Math Insight

Another differential equation: projectile motion


Here we encounter the fundamental idea that if $s=s(t)$ is position, then $\dot{s}$ is velocity, and $\ddot{s}$ is acceleration. This idea occurs in all basic physical science and engineering.

In particular, for a projectile near the earth's surface travelling straight up and down, ignoring air resistance, acted upon by no other forces but gravity, we have $$\hbox{ acceleration due to gravity }= -32 \hbox{ feet/sec }^2.$$ Thus, letting $s(t)$ be position at time $t$, we have $$\ddot{s}(t)=-32.$$ We take this (approximate) physical fact as our starting point.

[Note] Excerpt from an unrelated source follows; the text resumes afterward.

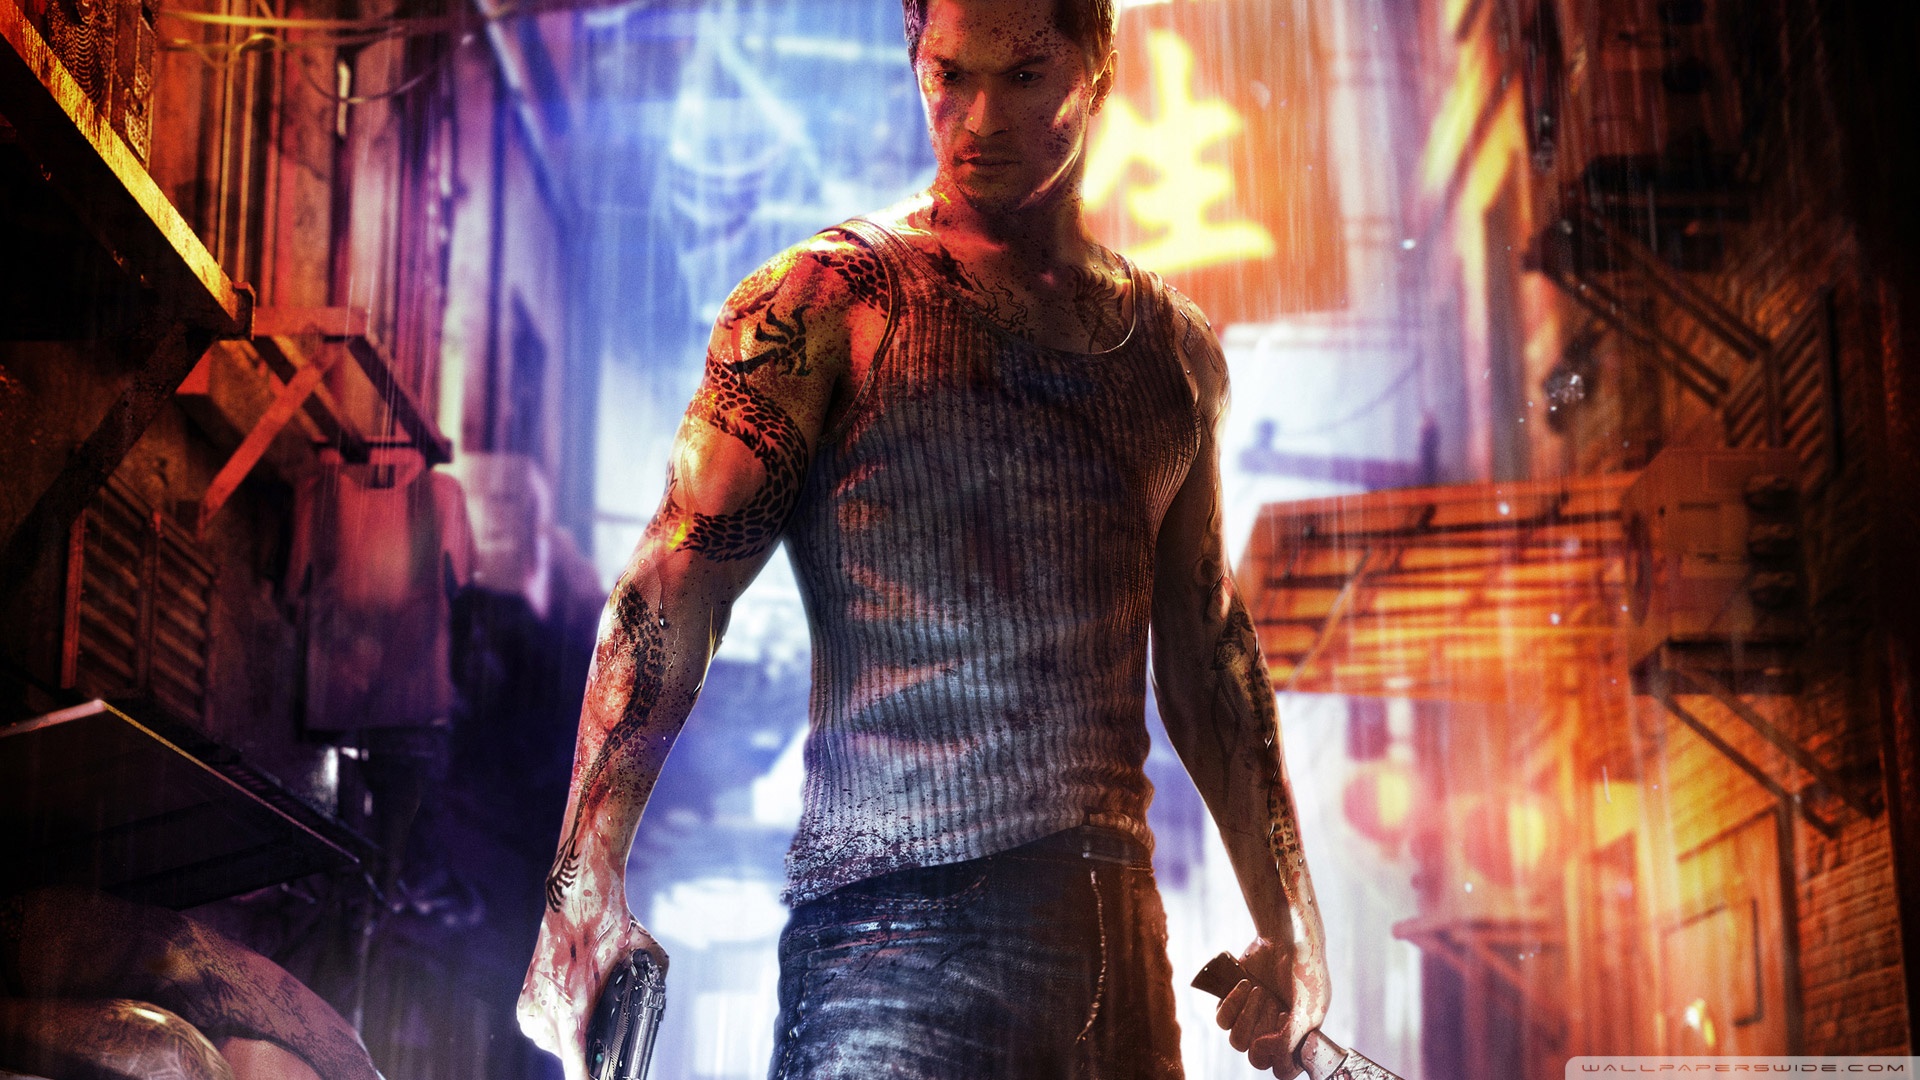 Sleeping Dogs Wallpapers

From $\ddot{s}=-32$ we integrate (or anti-differentiate) once to undo one of the derivatives, getting back to velocity: $$v(t)=\dot{s}=\dot{s}(t)=-32t+v_o$$ where we are calling the constant of integration ‘$v_o$’. (No matter which constant $v_o$ we might take, the derivative of $-32t+v_o$ with respect to $t$ is $-32$.)

Specifically, when $t=0$, we have $$v(0)=v_o$$ Thus, the constant of integration $v_o$ is initial velocity. And we have this formula for the velocity at any time in terms of initial velocity.

We integrate once more to undo the last derivative, getting back to the position function itself: $$s=s(t)=-16t^2+v_ot+s_o$$ where we are calling the constant of integration ‘$s_o$’. Specifically, when $t=0$, we have $$s(0)=s_o$$ so $s_o$ is initial position. Thus, we have a formula for position at any time in terms of initial position and initial velocity.

Of course, in many problems the data we are given is not just the initial position and initial velocity, but something else, so we have to determine these constants indirectly.


  1. You drop a rock down a deep well, and it takes $10$ seconds to hit the bottom. How deep is it?
  2. You drop a rock down a well, and the rock is going $32$ feet per second when it hits bottom. How deep is the well?
  3. If I throw a ball straight up and it takes $12$ seconds for it to go up and come down, how high did it go?